Data Integrity

Design systems to prevent manipulation of data, code, and logs

One of my post that may later become a book on Secure Code. Also one of my posts on Application Security.

Free Content on Jobs in Cybersecurity | Sign up for the Email List

I remember sitting in a secure programming class for programmers at a large bank where I worked. The person teaching the class demonstrated an attack that manipulated the logs using a cyber attack. People’s jaws dropped. Someone said, “Wow, I didn’t know they could do that!” I, on the other hand, was surprised that this was the first time people writing banking software became aware of this potential problem. It’s not their fault. The company they work for should have provided security training sooner!

You cannot assume that no one tampered with code, data, logs, configuration, or anything else in your system unless you a.) implement controls to make that impossible in the first place or b.) use a method to validate the system resource has not changed.

Checking the integrity of files and data often involves hashes. I explained what hashes are at a high level in Cybersecurity for Executives in the Age of Cloud. If you are not already familiar with hashes you may want to review that first. In addition to using hashes, you’ll want to understand how to choose the correct algorithm and key size. If you are looking for technical details, I provide some resources in this post and at the end of my last book.

I also explained in that book how important deployment systems are for security. By automating the actions people in your organization take related to deployments you can ensure that people don’t make inadvertent mistakes or make malicious changes during a deployment. This only holds true if you have designed a secure deployment system. For example, the Solar Winds attack and the Target Breach, two cyber attacks I’ve analyzed in case studies, involve altered code deployed using automated systems.

How was it that attackers were able to change the code? Architecting deployment systems is a complex topic beyond code, software, or even technical controls? I may include more details about that in another book. It is often the subject of my consulting calls for IANS Research clients. Sometimes clients will have me review system architectures for them and provide recommendations.

When considering how to maintain file integrity you’ll want to leverage controls outside the software itself. These controls fall into the realm of governance, networking, and system permissions. Perhaps you deploy a system that writes files to a write-once-read-only data store. That way the files can be written but no one is allowed to alter them after that point. Database stored procedures and update mechanisms can use this same approach. You can ensure proper permissions to cloud storage systems as well.
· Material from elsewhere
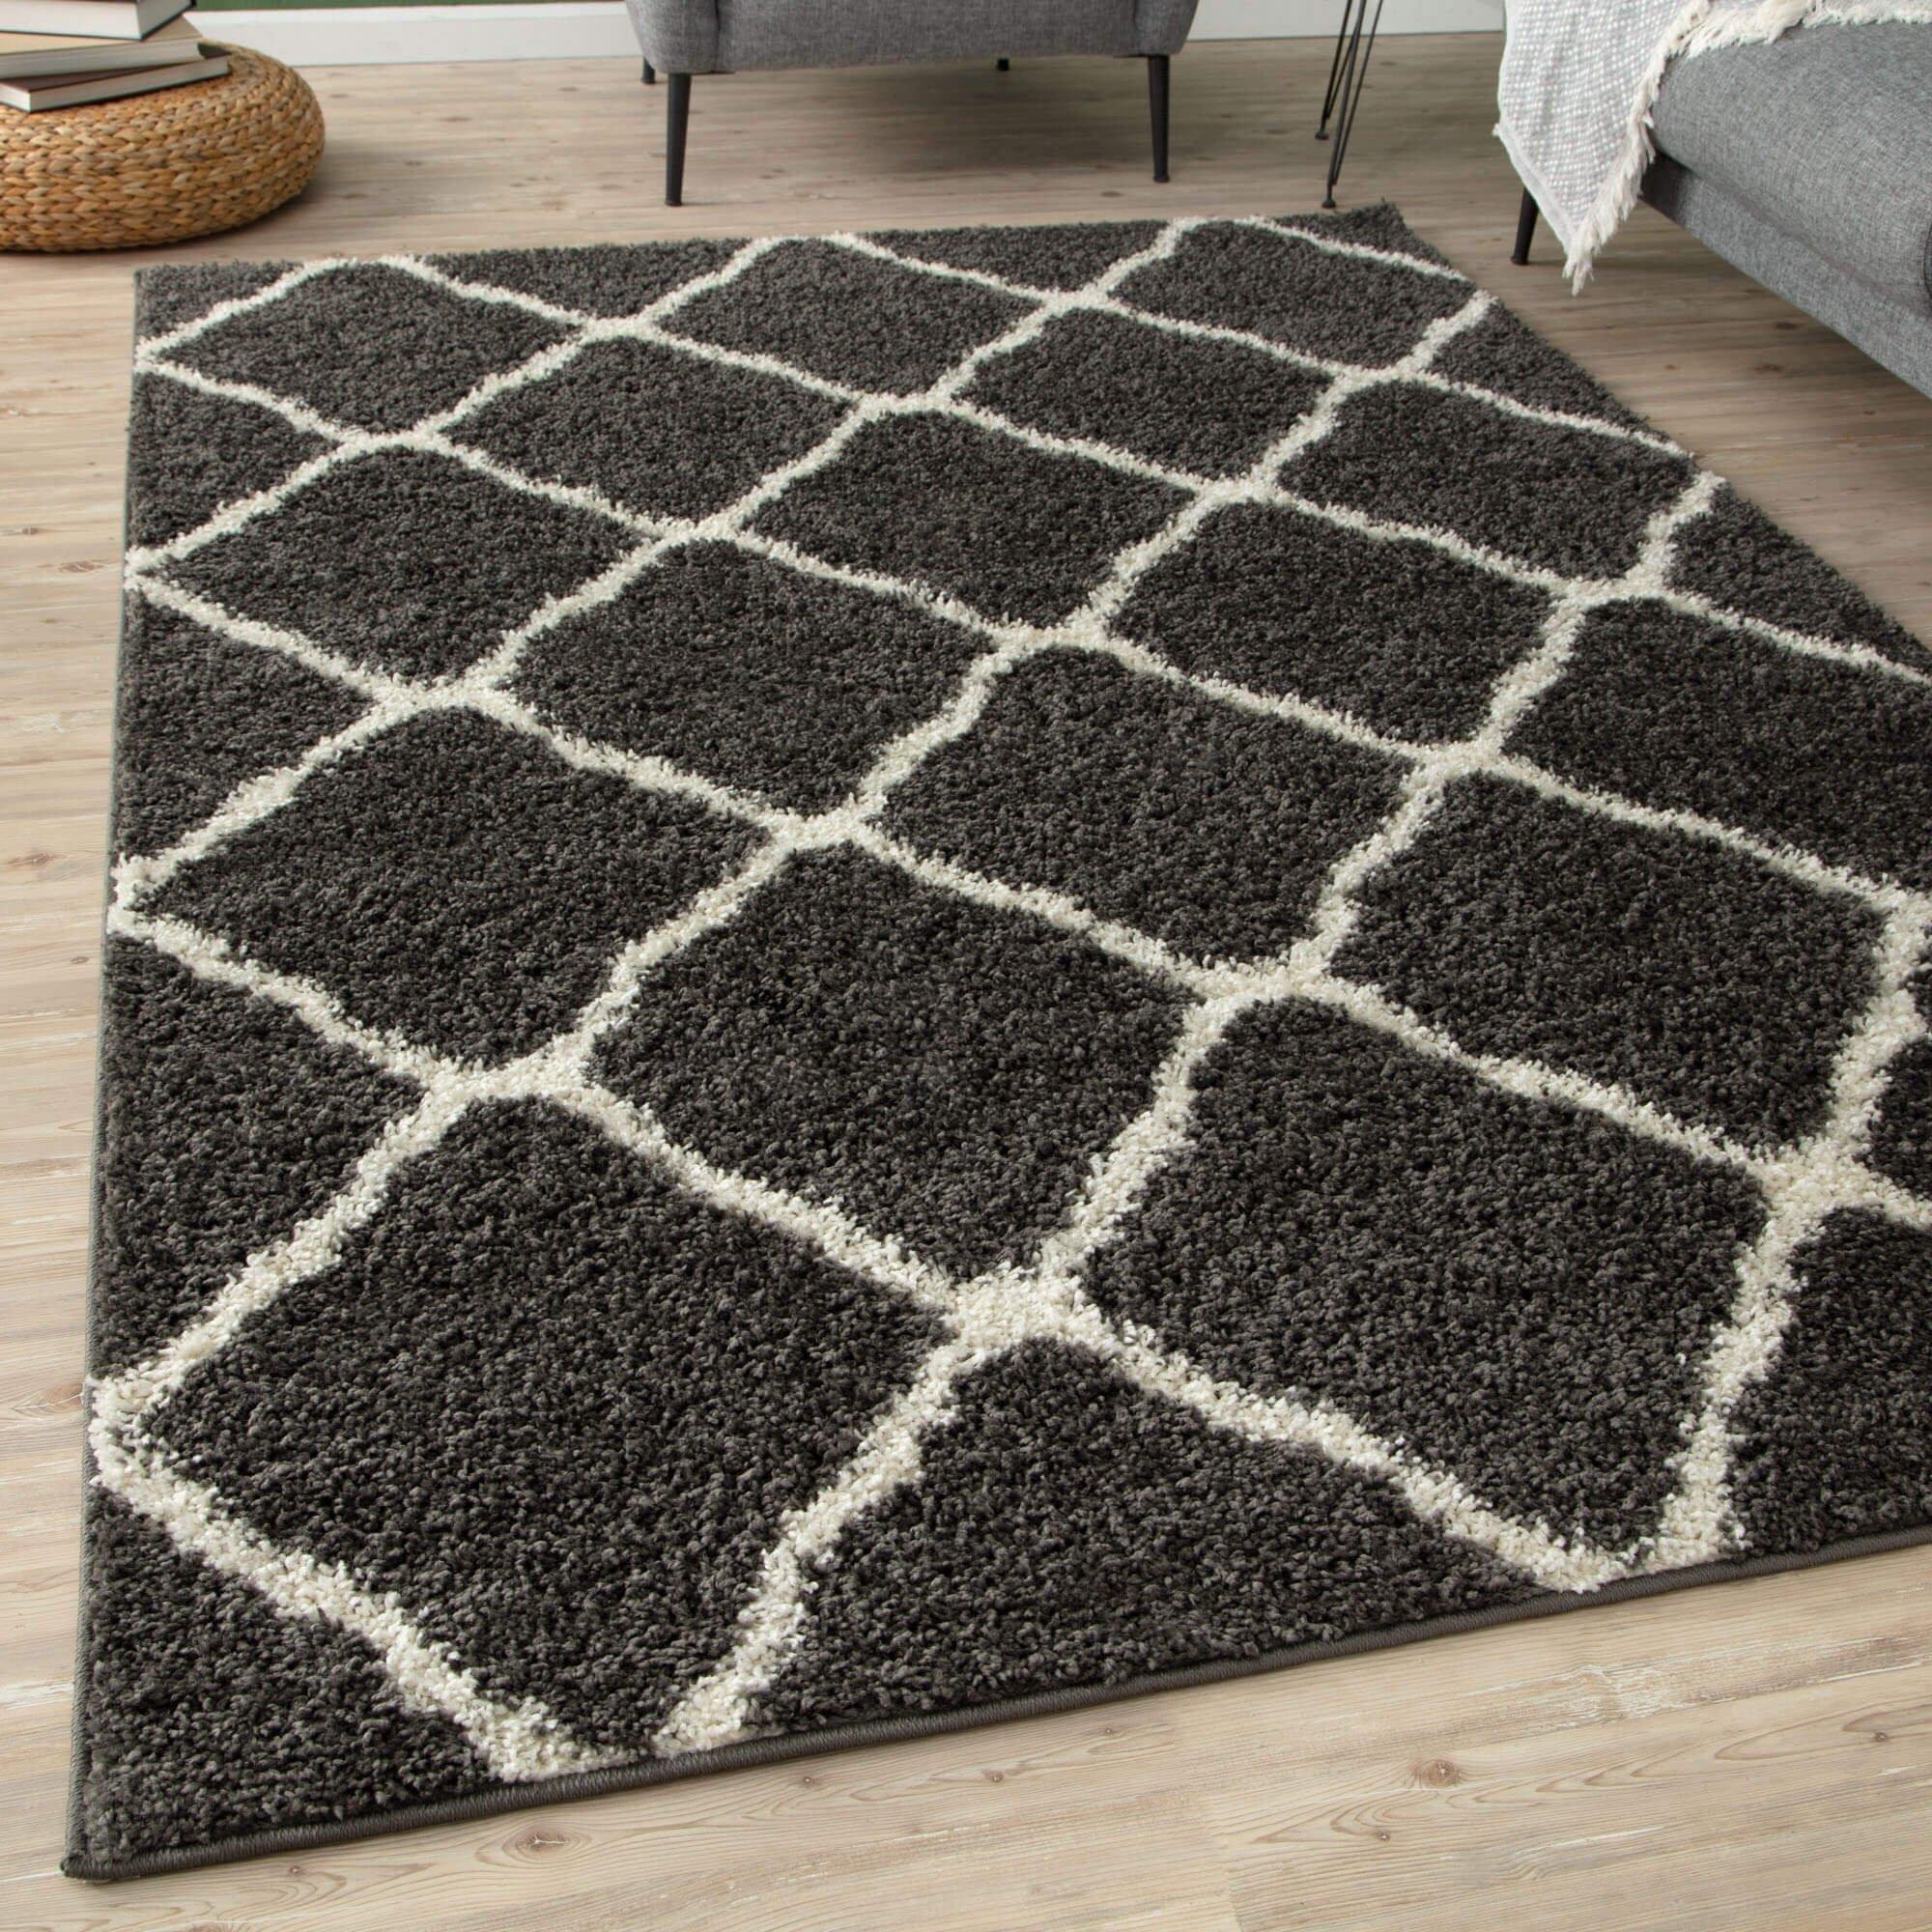 Myshaggy Collection Rugs Moroccan Design in Dark Grey - 385D - image 1

Those things are all very important but this book focuses on the code individual developers write. You may not have control over your deployment system and how it works. However, you should be aware of deployment systems and the integrity of your code as it moves through that system. Perhaps you can do something within your application and code to validate the integrity of your application when it gets deployed and while it is in use. You may not control the operating system to which your application gets deployed. But you can check the integrity of files and data as they move through your application and systems.

Checksums and Signatures

Attackers may try to manipulate code that your system uses. How can you ensure that code hasn’t changed? Different methods exist at the system or architecture level that an organization can use to validate files as they pass through processes. But what can an individual software engineer do to prevent modified code?

Let’s say your application uses a configuration file. You could design your code to make a hash of the configuration file when the application gets deployed. Store the configuration file hash in a database. Each time your application runs or your application reads the configuration file, you could check to see the hash in the database matches. For this to work, people who have access to change the configuration file should not have access to change data in the database. The application itself should not be able to alter the hash once created.

When you download software, sometimes the developer will provide what is known as a checksum. Software developers often provide checksums, a type of cryptographic hash, or signatures that allow you to validate that the software the original author wrote has not changed. When you download and use software from the Internet, ensure you obtain a hash in a secure manner and check to see that no one has altered the software before you use it. How could they do that? That’s another topic in my prior book. Just be aware that they can, and make sure you check the integrity of third-party code.

Checksums are often available for many different types of software. Here are some examples:

You can obtain the checksum, otherwise known as a digest, for a docker container using the following command:

docker image --digests [container]

Once you obtain the digest compare it to the digest provided by the author. Some deployment systems will check this for you.

The Apache Software Foundation provides checksums for the software it maintains. They provide information about how to obtain the checksum here:

Verifying Apache Software Foundation Releases

This page describes how to verify a file you have downloaded from an Apache product releases page, or from the Apache…

www.apache.org

The MAC OS Notarization process tries to validate software downloaded from the Internet. It’s important to understand what this will and will not check as you are downloading applications and code.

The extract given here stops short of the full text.